宍道湖について詳しく教えて欲しい。地形的成り立ちや、シジミや穴子が獲れる要因について。
キュリオす
宍道湖は、最終氷期以降の海面上昇と斐伊川の土砂堆積、江戸時代の流路変更により形成された汽水湖。この環境がヤマトシジミの生息に適し、多様な魚介類を育んでいる。
大地が刻んだ湖の記憶
現在の宍道湖が形作られるまでには、数万年にもわたる地球規模の変動と、人間の営みが深く関わってきた。約1万1千年前の最終氷期最盛期には、海面が現在より低く、中国山地と島根半島の間に陸続きの低地が広がっていた。その後、気候の温暖化に伴い海面が上昇し、現在の神戸川河口付近を湾口とする「古宍道湾」が形成された。
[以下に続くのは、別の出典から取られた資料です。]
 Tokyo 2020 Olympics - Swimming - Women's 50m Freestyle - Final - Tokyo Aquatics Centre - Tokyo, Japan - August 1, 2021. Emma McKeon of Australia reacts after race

この古宍道湾に流れ込んでいたのが、中国山地を源流とする斐伊川である。斐伊川上流域では古くから「たたら製鉄」が盛んに行われ、砂鉄を採取するために山肌を削り、大量の土砂を川に流す「鉄穴(かんな)流し」が行われた。この結果、斐伊川の下流域には膨大な量の土砂が堆積し、川底が周囲の平野よりも高くなる「天井川」という特異な地形を生み出した。
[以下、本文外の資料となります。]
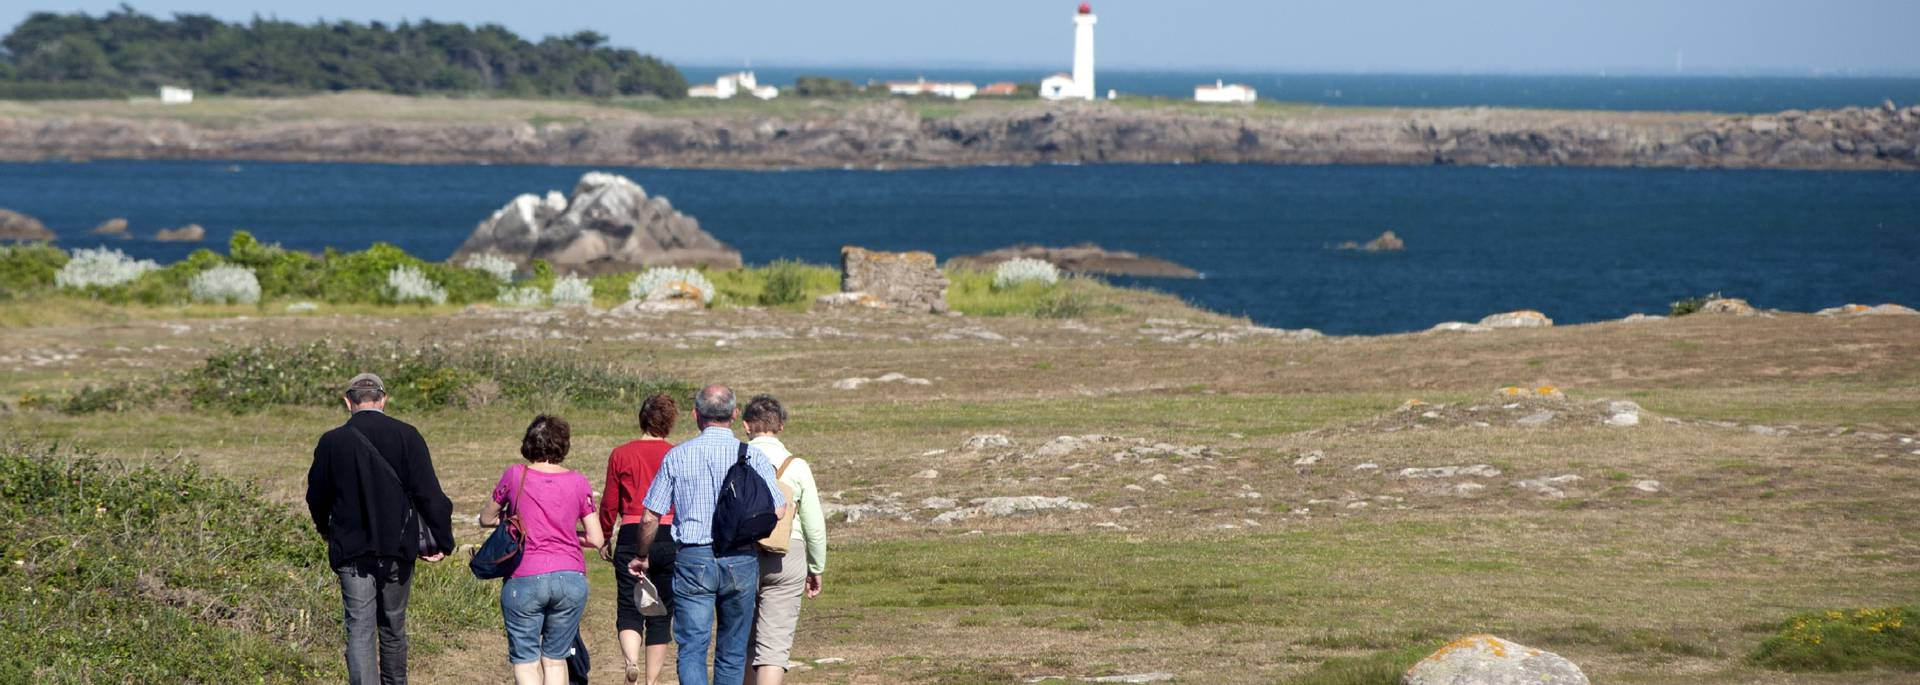 Fußwanderung - Pointe des Corbeaux, Ile d'Yeu

さらに決定的な転換点は、江戸時代の寛永年間(1635年または1639年)に発生した大洪水だった。これにより、それまで出雲平野を西へ流れていた斐伊川は流路を変え、東流して宍道湖に注ぐようになったという。この「川違え」と呼ばれる人工的な流路変更は、宍道湖への土砂供給を加速させ、湖の埋め立てを急速に進めた。同時に、宍道湖は大橋川を通じて中海、さらに境水道を通じて日本海とつながることで、淡水と海水が混じり合う「汽水湖」としての性格を決定づけていったのだ。
汽水が織りなす生物のゆりかご
宍道湖が豊かな水産資源、特にヤマトシジミの宝庫である要因は、その「汽水湖」という環境特性に集約される。汽水とは、海水と淡水が混じり合った水域を指し、宍道湖では斐伊川からの淡水と、中海を通じて日本海から遡上する海水が混じり合っている。海水の塩分濃度が約3.5%であるのに対し、宍道湖の平均塩分濃度は0.3%〜0.5%と、海水の約10分の1程度である。この中庸な塩分濃度が、ヤマトシジミにとって理想的な生息環境となる。ヤマトシジミは薄い塩分のある水域を好み、宍道湖の塩分濃度0.3%〜1.0%程度がその好適範囲と一致しているのだ。
汽水湖のもう一つの特徴は、淡水と海水の比重の違いから生じる「塩分成層」である。重い海水が湖底に滞留し、軽い淡水が表層に広がることで、水が鉛直方向に混ざりにくくなる。この成層構造は、上流から運ばれる有機物や栄養塩類が湖底に集積しやすくする。豊富な栄養塩は植物プランクトンを増殖させ、これを餌とするヤマトシジミにとって格好の食料源となるのだ。
しかし、この底層での有機物分解は酸素を消費し、「貧酸素水塊」を形成する。このため、宍道湖の約4メートル以深では酸素が乏しく、シジミはほとんど生息できない。ヤマトシジミの主要な漁場は、水深0〜4メートルの比較的浅い湖岸部に限られている。さらに、湖底の砂泥質の堆積物もシジミの生息に適している。シジミは砂泥に素早く潜って身を守り、水管だけを伸ばして湖水中のプランクトンを濾過摂食するため、適度な粒度の砂泥底が不可欠だからだ。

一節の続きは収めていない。